You provide these datasets to
saber-hbc through a
config.yml. An example of this file is found in the examples
directory of the source repository and in these docs. These datasets need to be prepared independently of SABER and no
scripts are provided because there are too many possible file formats to account for. An explanation of what each input
dataset should look like is provided to assist in preparing your data.
# file paths to input data workdir: '' cluster_data: '' drain_table: '' gauge_table: '' regulate_table: '' drain_gis: '' gauge_gis: '' gauge_data: '' hindcast_zarr: '' # options for processing data n_processes: 1
workdir should be a path to a directory on your computer where the results of the saber process should be cached.
saber-hbc package will create the necessary subfolders and populate them with files as functions are executed to
produce them. You will need read/write access to this directory and <= 1 GB of free space.
cluster_data is a table of training data to cluster the watersheds/subbasins in parquet or csv format. The recommended
features to include are z-score transformed (standard scalar) flow duration curve values for the exceedance
from 100 to 0 in increments of 2.5 for a total of 41 features. Many other physical features can be included but were not
as thoroughly investigated during the research of the SABER method. A mockup of the table structure and required
is given below. You can find an example of this table in the zipped sample data.
- It should be a table of data in usual machine learning shape of [n_samples, n_features], or 1 row per feature ( subbasin) and 1 column per feature.
- Each subbasin should be z-scaled individually, not each column of the combined dataset.
- The index is the
model_idof each subbasin.
- The columns are the features of each subbasin.
- the data type should be float
- the index should be unique
drain_table is a table of properties from the stream/catchment network used in the hydrologic model in parquet or csv
format. The table should have exactly the following features
model_id: A unique identifier/ID, any alphanumeric utf-8 string will suffice
downstream_model_id: The ID of the next downstream reach, used to trace the network programmatically
strahler_order: The strahler stream order of each reach
x: The x coordinate of the centroid of each feature (precalculated for faster results later)

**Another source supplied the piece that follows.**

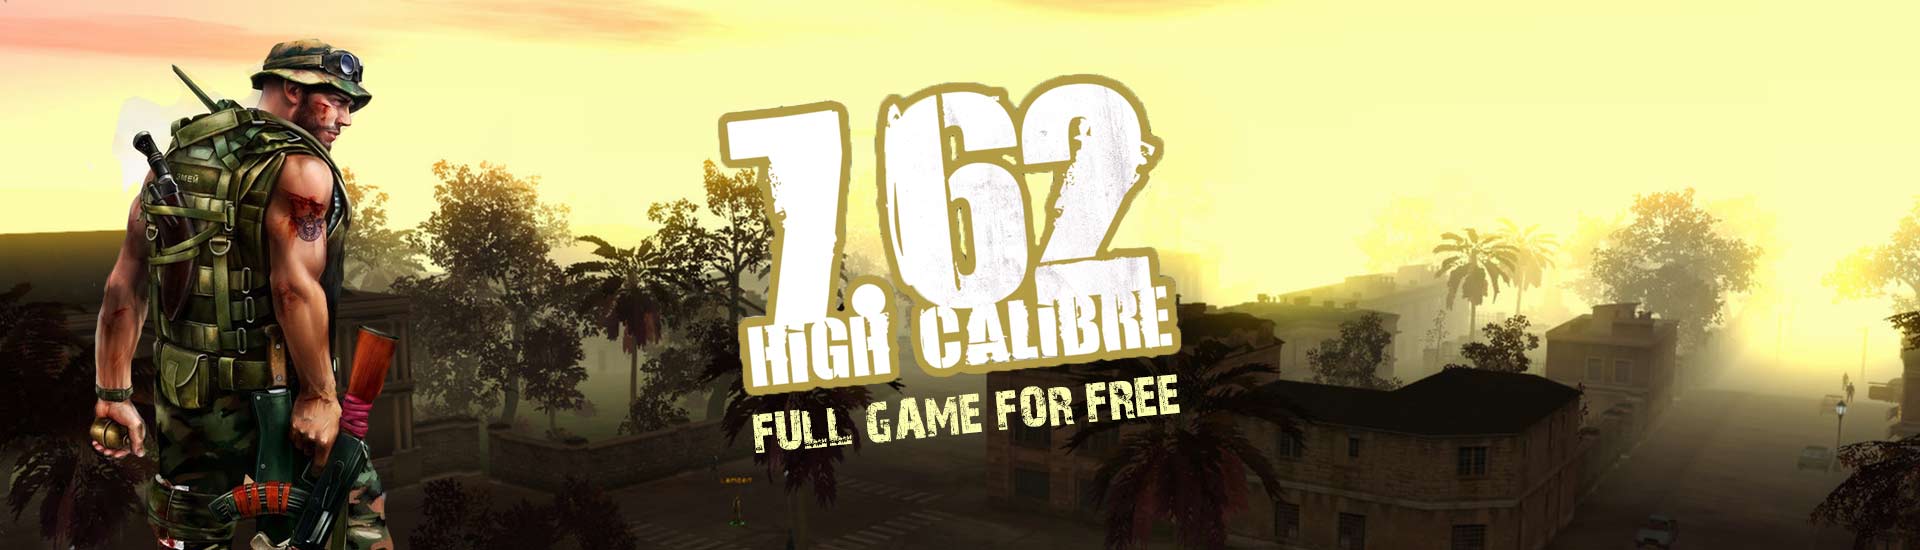 [indiegala]-get-full-free-game-–-7,62-high-calibre

y: The y coordinate of the centroid of each feature (precalculated for faster results later)
|unique_stream_#||unique_stream_#||area in km^2||stream_order||##||##|
gauge_table is a table of properties from the available river gauges in parquet or csv format. Each gauge needs to have
a unique ID and needs be paired with the unique ID of the model subbasin. The table must have exactly the following features
gauge_id: A unique identifier/ID, any alphanumeric utf-8 string will suffice.
model_id: The ID of the stream segment which corresponds to that gauge.
latitude: The latitude of the gauge
longitude: The longitude of the gauge
regulate_table is a table of about the location of dams, reservoirs, or other regulatory structures in parquet or csv
format. Each dam needs to have a unique ID and must be paired with the unique ID of the model subbasin that contains it.
The table must have exactly the following features and names:
regulate_id: A unique identifier/ID, any alphanumeric utf-8 string will suffice.
model_id: The ID of the stream segment which corresponds to this regulatory structure.
drain_gis is a geopackage or equivalent of the stream network used in the hydrologic model. It should have exactly the
same properties listed in the
drain_table above. This information is the same but can be used to make maps of the
network and the SABER results.
gauge_gis is a geopackage or equivalent of the river gauges used for validation. It should have exactly the same
properties listed in the
gauge_table above. This information is the same but can be used to make maps of the gauges and
the SABER results.
gauge_data is a directory that contains the observed discharge information. It should contain a subdirectory called
observed_data which contains the csv files of the river gauge data. Each file should be named with the
the gauge it corresponds to. Other extra gis datasets and the gauge table may be included here as well.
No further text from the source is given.